17 April 2026—A seismic hush fell over U.S. and Canadian cities that were in the “path of totality” during the 8 April 2024 total solar eclipse, according to new research presented at the 2026 SSA Annual Meeting.
Johns Hopkins University seismologist and planetary scientist Benjamin Fernando was in an Ohio city when the eclipse occurred “and I noticed that all of a sudden everything went really quiet,” he recalled. “So I was curious as to whether that was going to be replicated in the seismic data.”
Seismic noise caused by human activity can come from construction and mining activity, crowded concerts or sporting events and the traffic of the daily commute—any activity we produce that causes the ground to shake.
After analyzing seismic noise levels across April 2024 from several hundred seismic stations, Fernando found a clear pattern of urban seismic quiet on the darkened day.
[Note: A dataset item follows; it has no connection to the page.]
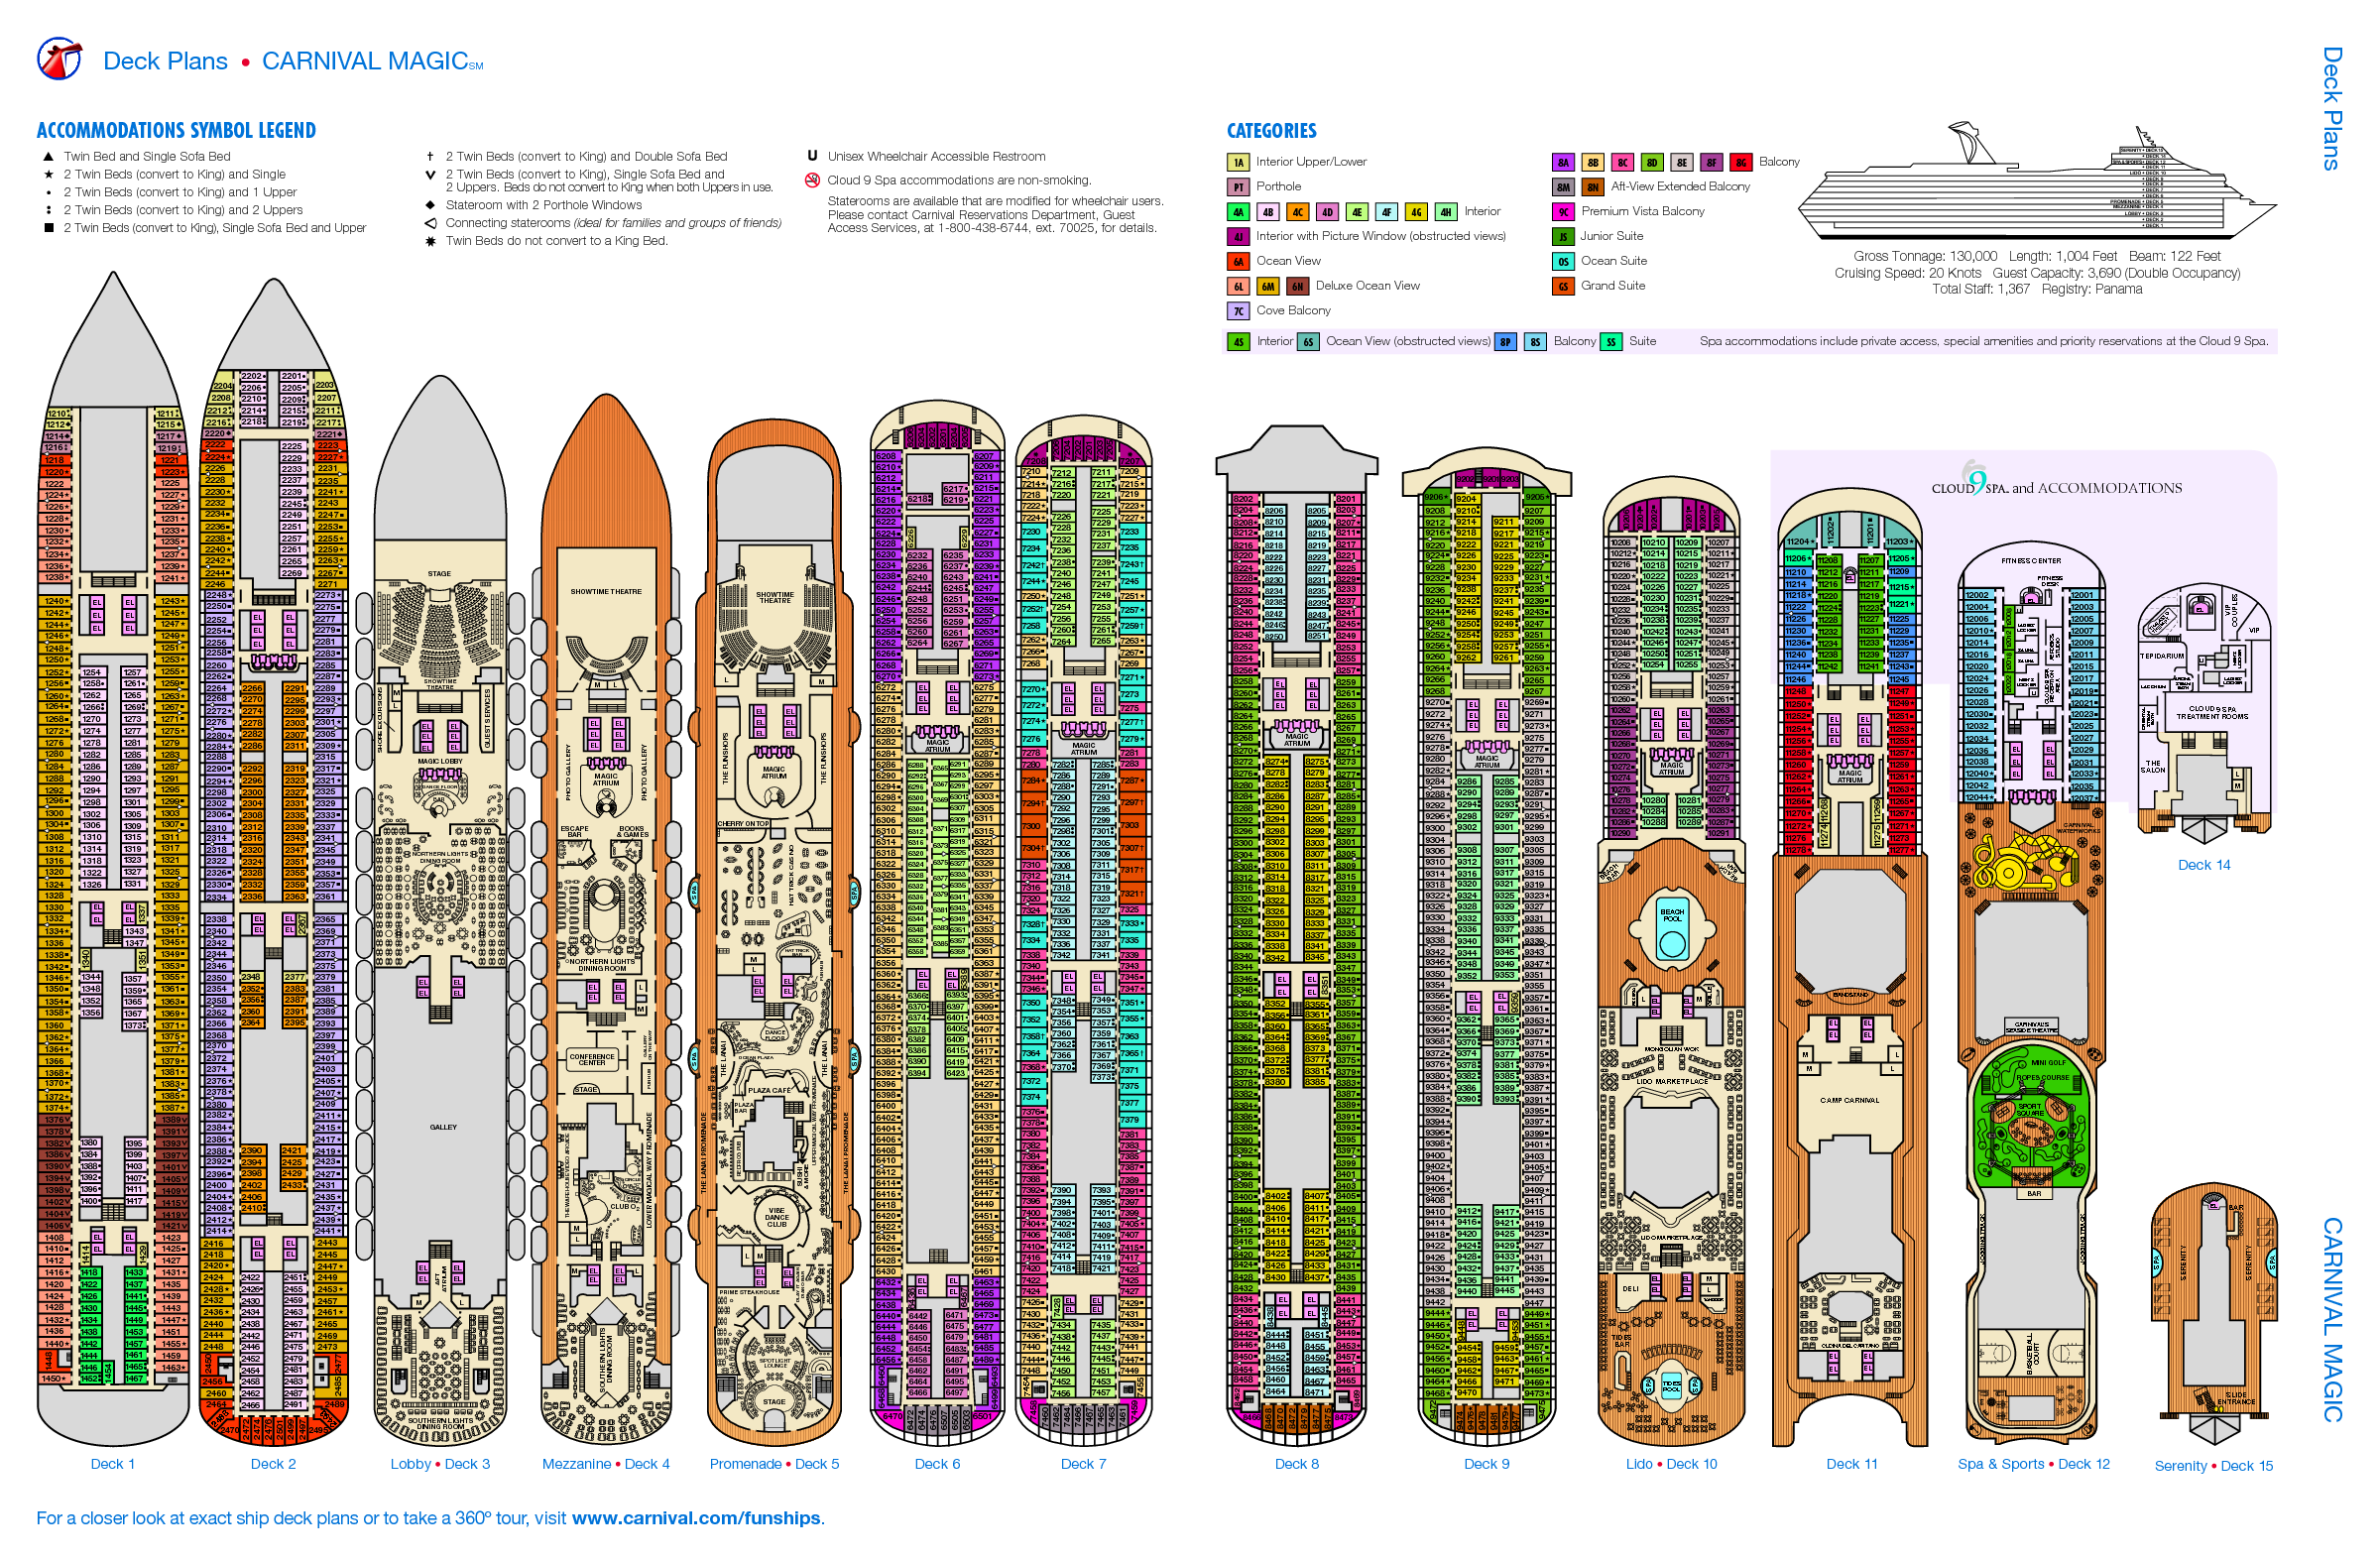 carnival cruise ship diagram ls1 intake pin by mandy williams on cruisin magic deck plans http img docstoccdn com thumb

First, noise levels peaked slightly before the start of totality began in a city. Noise levels then faded significantly as the sun was completely obscured by the moon. Finally, noise rose again to slightly higher than average levels for the month.

The pattern was only visible in cities, not rural areas, that were directly in the path of totality. The data did not record a hush in cities that were even slightly out of the path of totality, Fernando said. “For example, in New York it was 97% totality, but nothing changed.”
The findings suggest that cities in the path of totality experienced the eclipse as a cultural event that was significant enough to disrupt the rhythms of normal life and were also places with enough ground-shaking daily activity to be noticeable when it faded away.
Covid-19 lockdowns in 2020 created one of the most famous cases of global seismic quiet related to human inactivity, dropping anthropogenic seismic noise by 50% between March and May of that year.
The new study could also help dispel the myth that the alignment of the sun, moon and Earth during an eclipse increases seismic activity, Fernando suggested.
“Folks for whatever reason sometimes push the narrative that eclipses cause earthquakes,” he said. “That’s definitely not the case, and this is another demonstration of that.”